I guess the news of the weekend was that yesterday I began formally composing the Beatles book. I'll have at least one chapter ready to show this week to this person at Da Capo who will be taking a look. I could say that I was born to write it, but you can't really say that unless it's true about one thing above all, and it would imply I was not born to write "Girls of the Nimbus" or whatever else. With me, once begun means mostly done. I have myriad aims with this book, but these are three of them: 1. For it to be the most knowledgeable Beatles book there is. 2. To change--in a positive way--how people hear and look at the Beatles. 3. To have a work of art that stands on its own, too.


Tomorrow will be book today. I will be ensconced in four books at once and it will be a long day.


Yesterday I walked eight miles after working on the Beatles book, and then I ran the rest of the stairs at Summit Way that I had mentioned earlier, but only twice. As it turns out, there are 210 of them. I learned that they rise to 260 feet above sea level, going up the side of what is called Corey Hill. I've staked out this hill as a gym. It's a six mile walk to get there, and I can run the stairs on one side, and run up the hill on the other.


As with my Twitter and Facebook pages where I post interesting items and no one follows or cares because no one likes anything interesting, I have an Instagram page where different things go and no one sees them, like this photo of the stairs from over 100 years ago.

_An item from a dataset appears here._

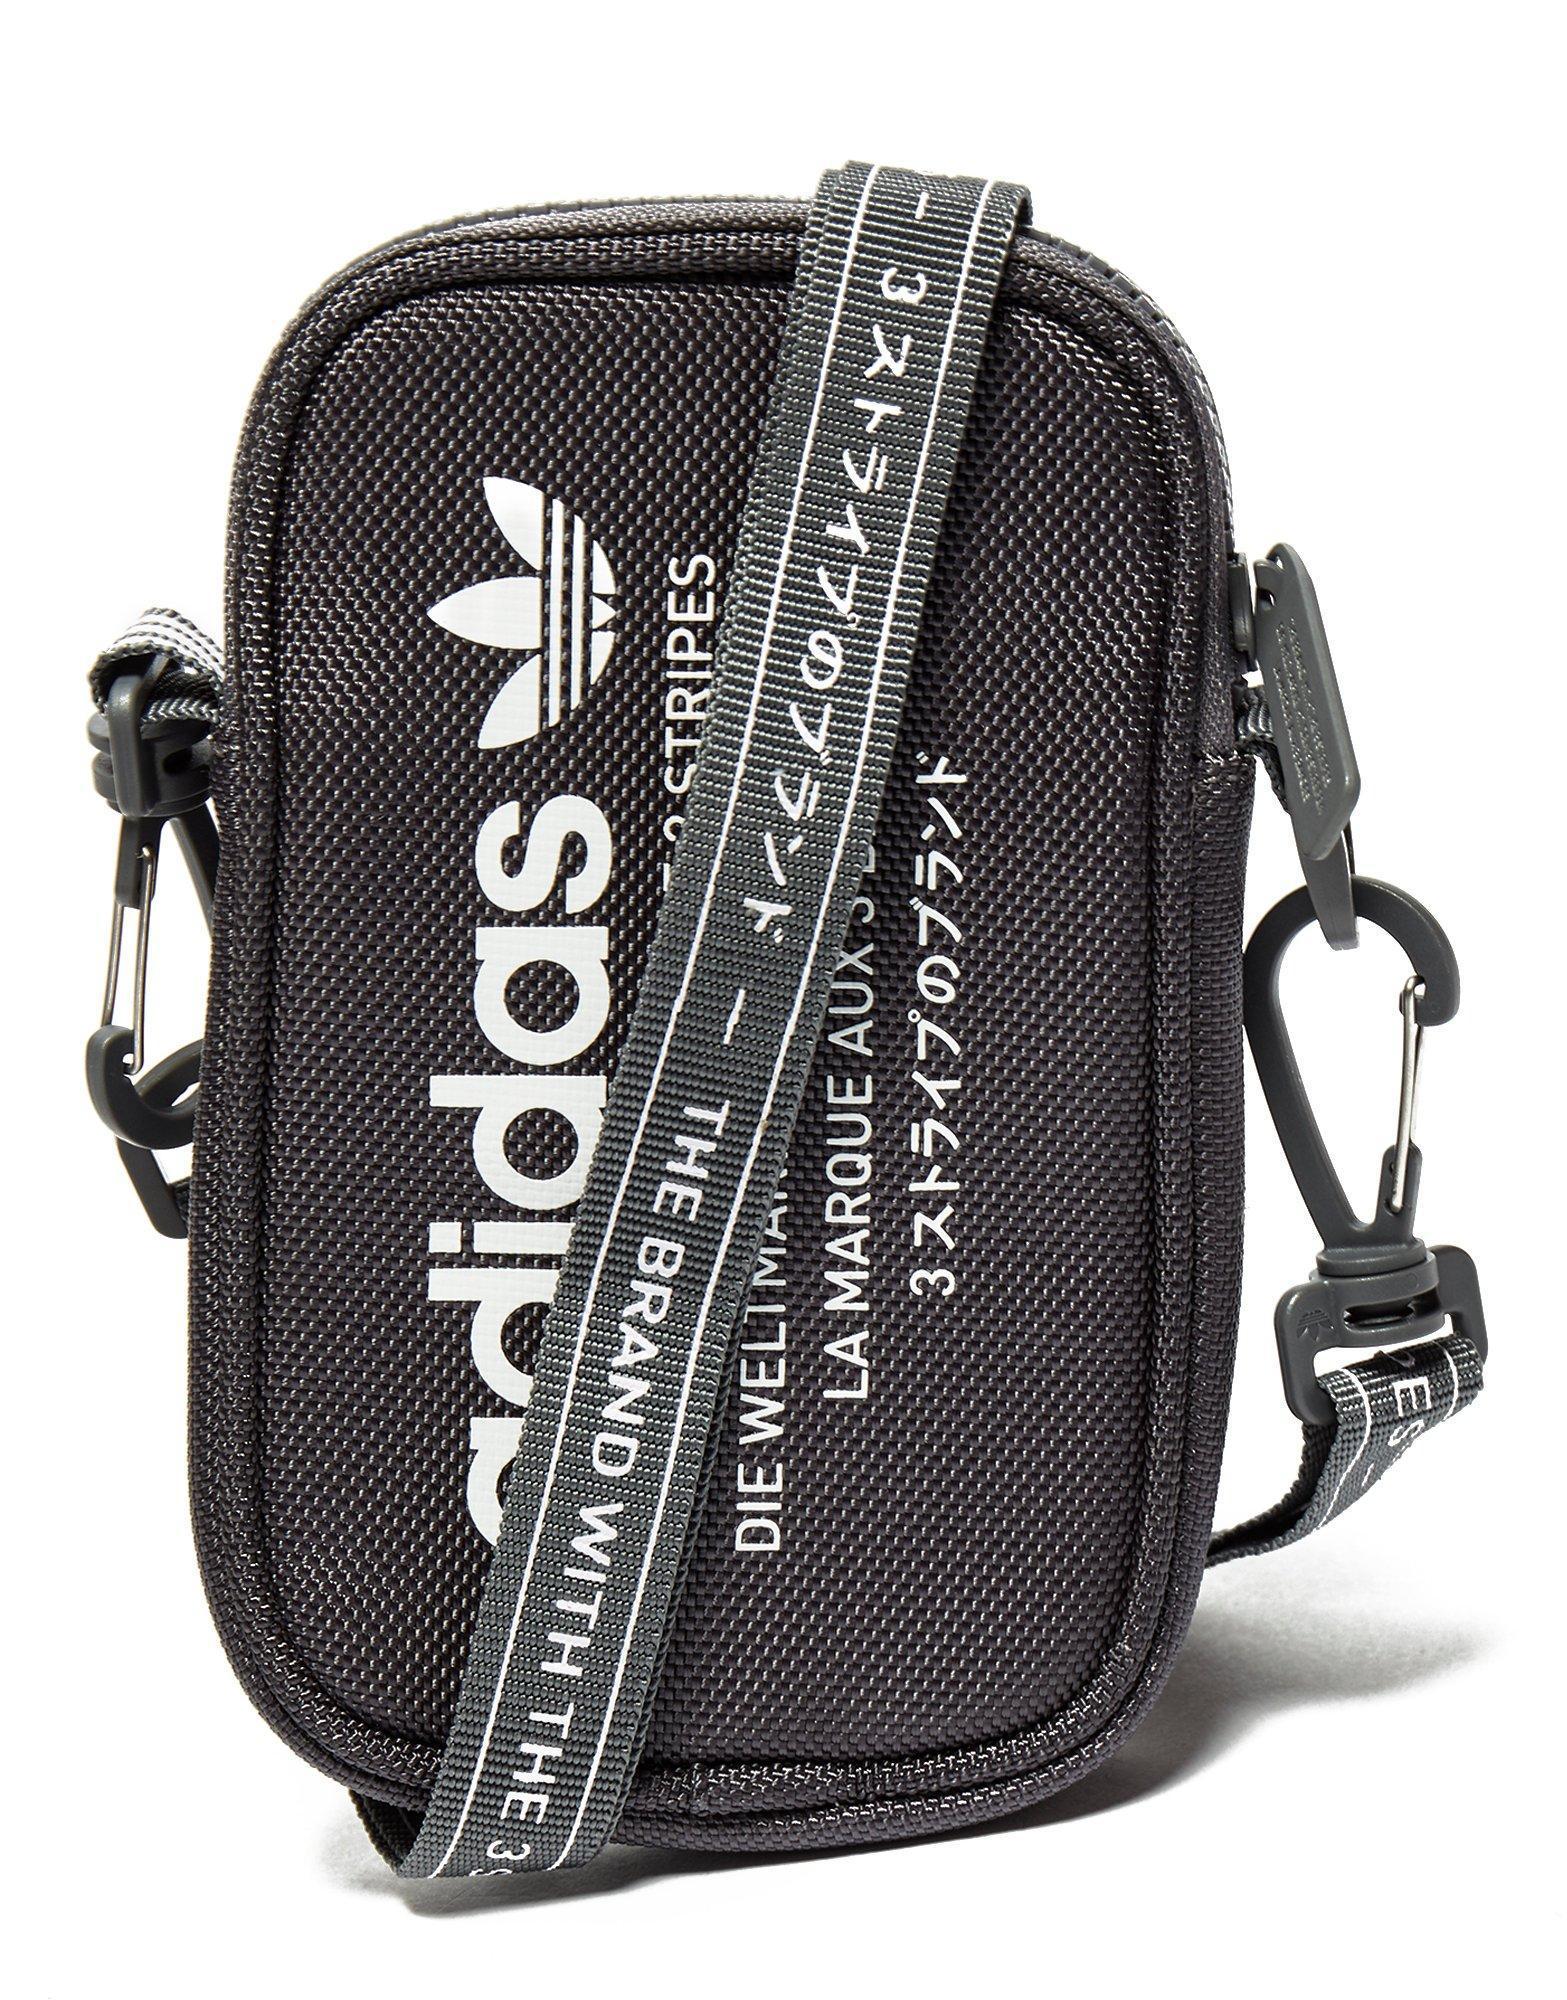 fbc4be32d8a adidas Originals Festival Nmd Bag in Gray for Men - Lyst

I put up mostly different content from place to place. But it doesn't matter. Still, it's a cool photo. The very bottom of the photo is where the C line T tracks now are. The far right is just outside Coolidge Corner. Can you spot the person in the photo? What were they up to on this day? Were they just taking a walk? Was it very early and that's why no one else is out? Did something happen that gave them a greater need to take this stroll? Could they have imagined that someone a century later could be looking at them in that very moment and wondering what was going through their head? Did they fight in WWI? Had they read William Dean Howells's The Rise of Silas Lapham which was set in this very area and one of whose main characters was named Tom Corey?

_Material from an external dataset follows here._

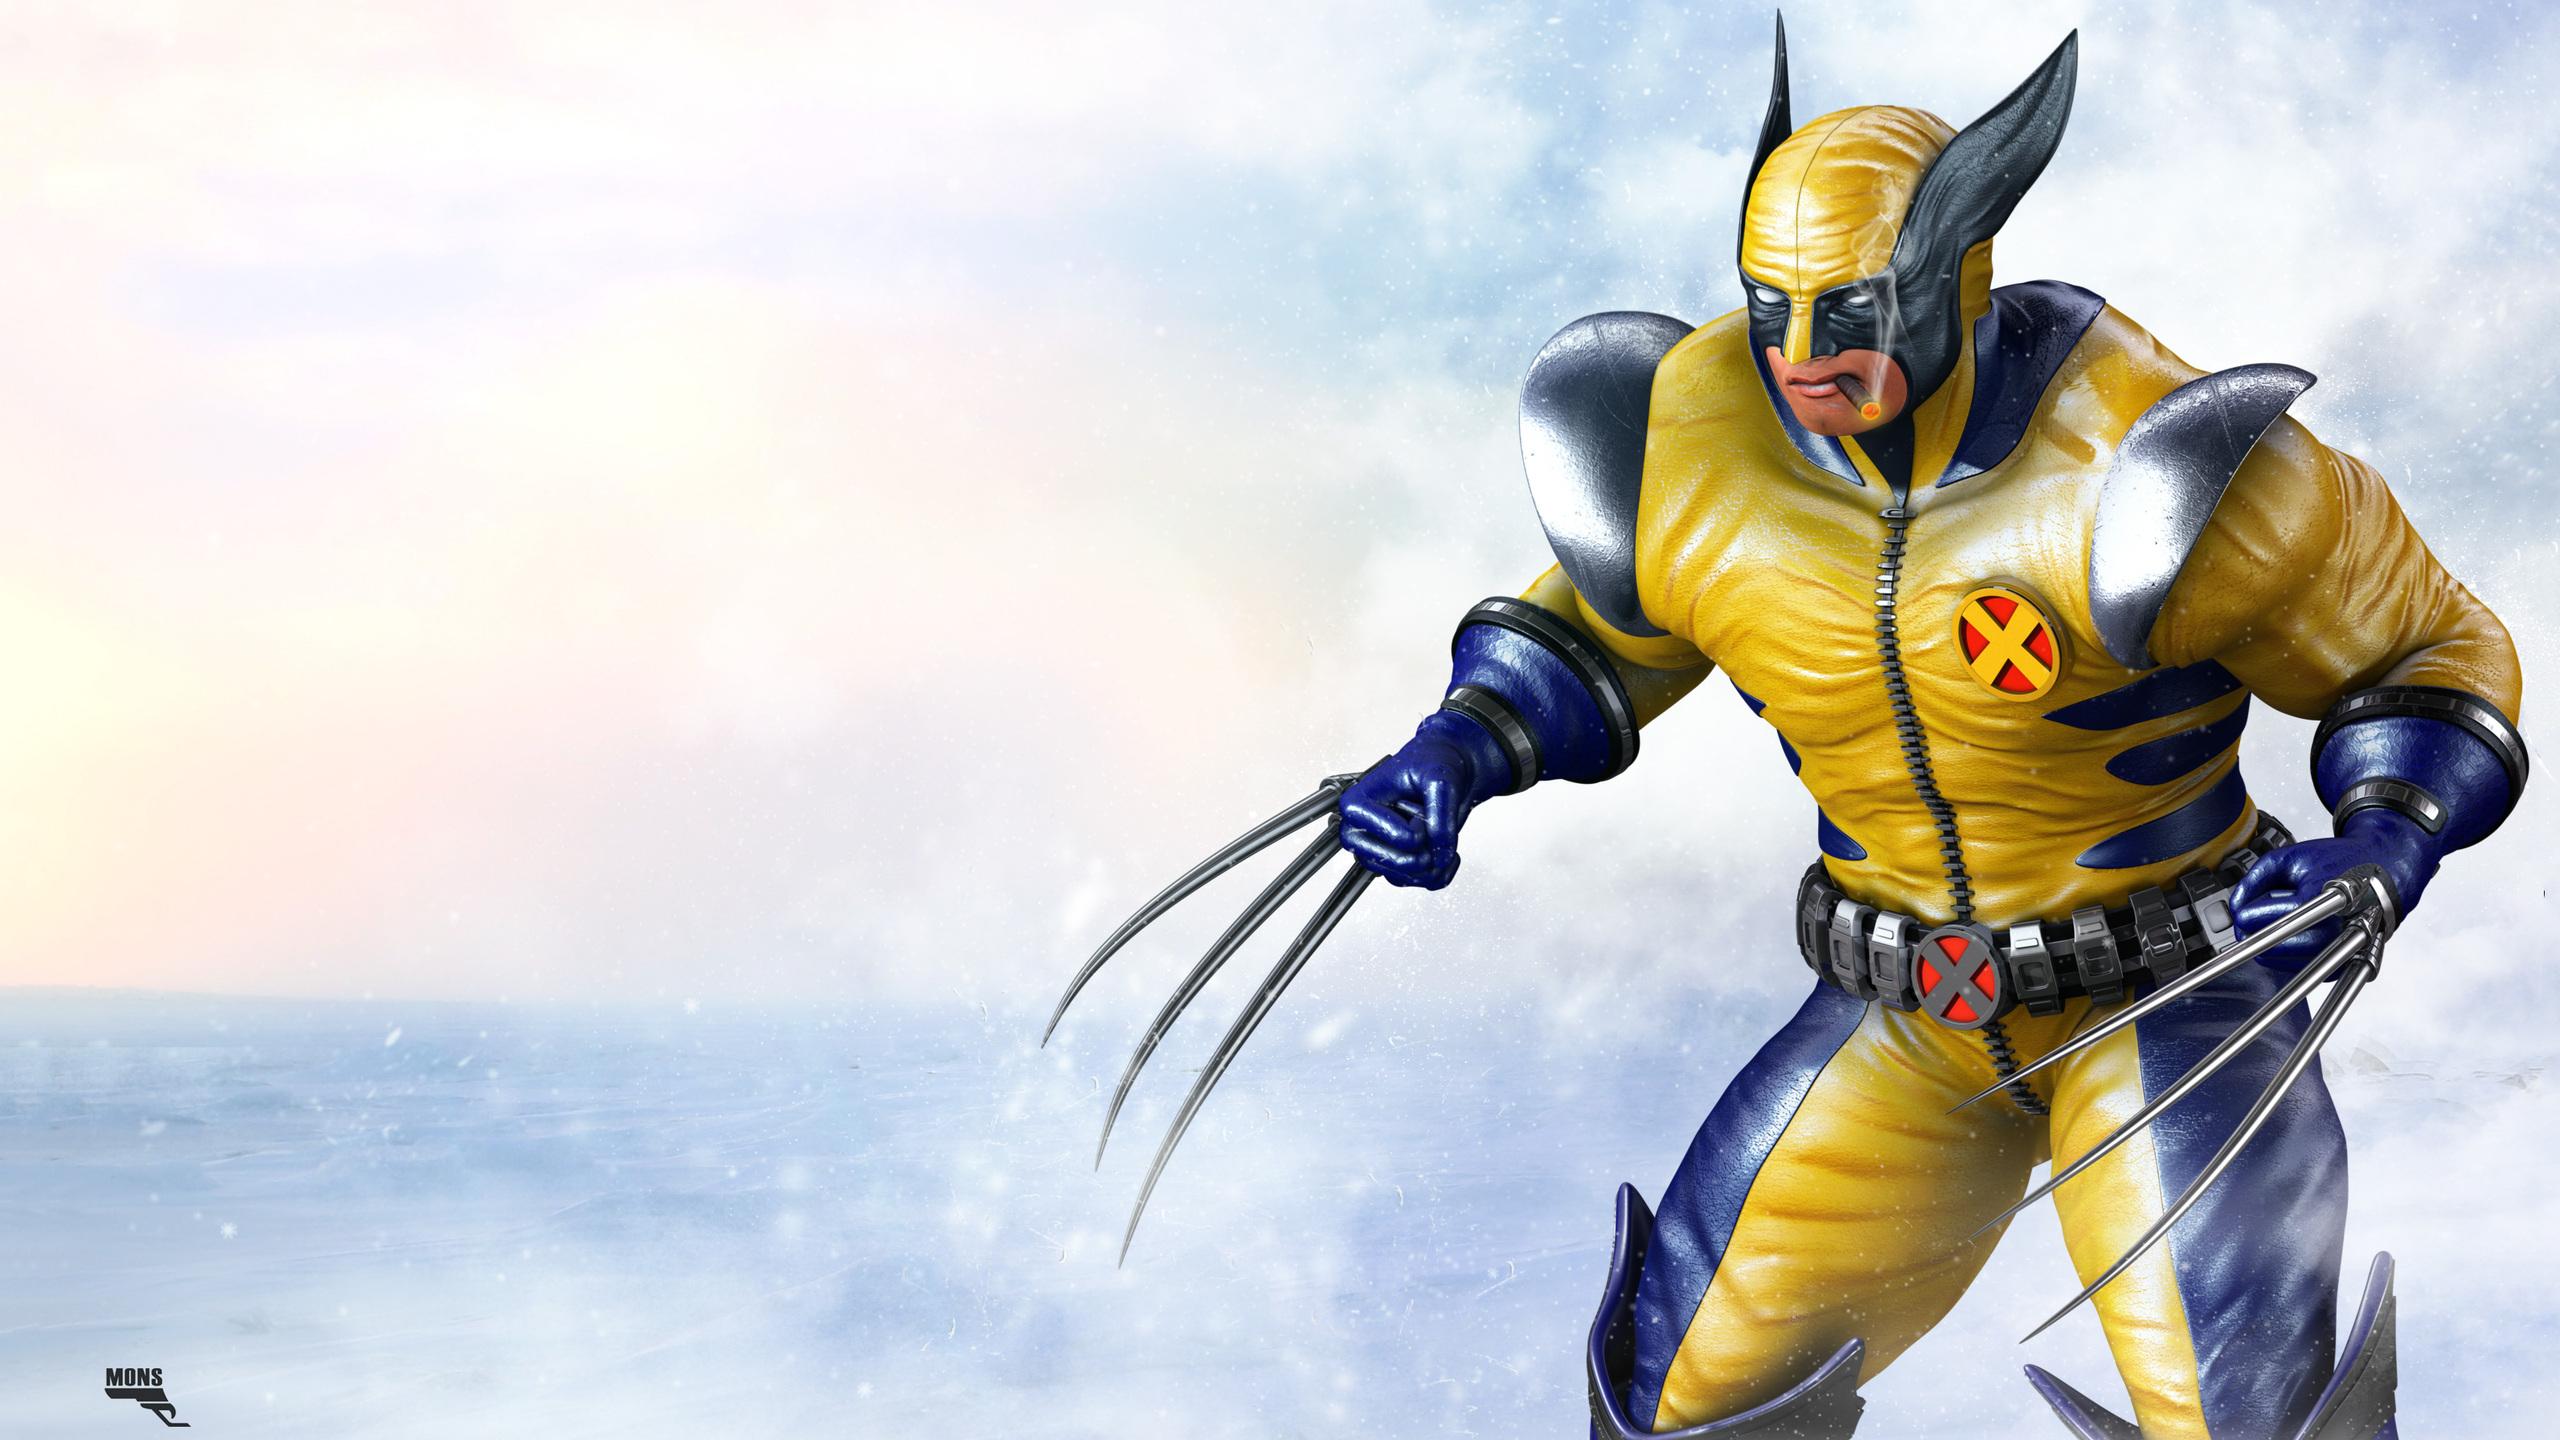 2560x1440 Wolverine 3d Cgi Artwork 1440p Resolution Hd 4k Wallpapers

Upon returning to the North End, I walked another three miles, though it had started to rain. What I say to myself is, "Okay, you have a lot to withstand, these people want you dead, don't give in, every extra three miles is something for the heart, and the heart being strong enough to handle the stress, come on, let's go." It's miserable, man. It's like drill camp for surviving hell. And it never lets up. Believe me, you're so conscious of that as you're totally alone, despised, miserable, with no quality of life, nothing to ever look forward to. I'm walking, there's no one out, I'm soaked to the skin, it's raw, and I'm doing this because of what publishing is and all of the people in it against me. This is what I have to do. After creating constantly. While they're sitting there in nice places, having everything handed to them, with no accountability for anything they want to do, no matter how base or wrong.


Those are lonely bloody walks. I mean, it's all lonely. At the same time, you're also conscious that because this is who you are, and that you constantly create, that there has never been an artist like you, that you produce a lifetime of art every week, that you fight and keep going, that you get better, also and always increases that hate, if it were even possible. So what do you do? Sit back and wait to die in poverty and anonymity? Because you were the best there was? I think the best there ever was can only try. And always get better. And eventually, the solution comes. This is something in which I have to try to have faith.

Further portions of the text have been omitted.